Denis Grozdanovitch digresse avec style, élégance et originalité sur cette notion du temps, réussissant ainsi le tour de force d'écrire un livre de savoir-vivre intéressant. Ici, point de doctrine épicurienne façon carpe diem: facile à appliquer lorsqu'on est riche, beau et en bonne santé, un peu plus dur quand on est pauvre, moche et malade. Il nous propose plutôt un guide pour savoir profiter des temps morts, ces moments "où il ne se passe rien de particulièrement intéressant dans la vie". Bref, ces moments propices à révéler, pour qui veut bien s'ouvrir un minimum à la beauté du monde qui nous entoure plutôt qu'à suivre le diktat consistant à corréler le bonheur avec la maximisation des plaisirs bébêtes dont nous abreuve la société, notre vraie nature. Bref, apprendre à vivre élégamment sous les contraintes inhérentes de la vie sociale: n'est ce pas la définition même de l'homme séduisant que Stéphane s'est toujours évertué à nous enseigner?

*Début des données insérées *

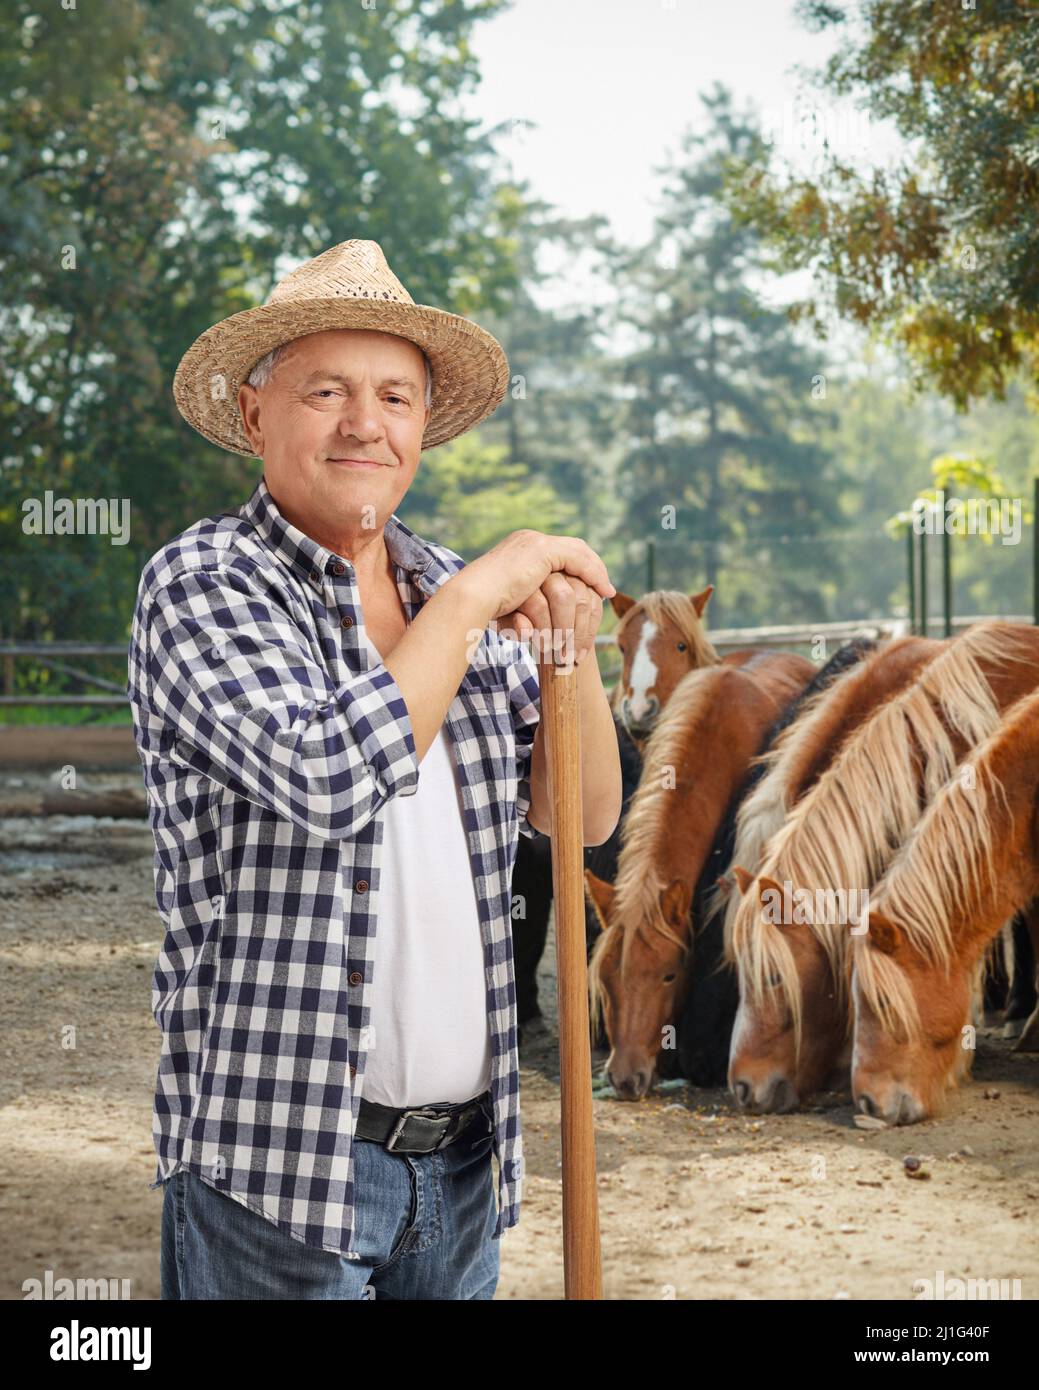 Mature farmer with a shovel posing with horses in the back Stock Photo

Faisons preuve d'honnêteté intellectuelle: ce livre constitue aujourd'hui une espèce de doudou. Il m'offre surtout l'agréable sensation de tous les possibles, m'entraînant, l'espace d'une lecture, dans une bulle temporelle des plus agréables. Mon avis est donc d'une partialité criante, mais j'espère avoir suffisamment piqué votre curiosité pour que vous alliez y jeter un oeil.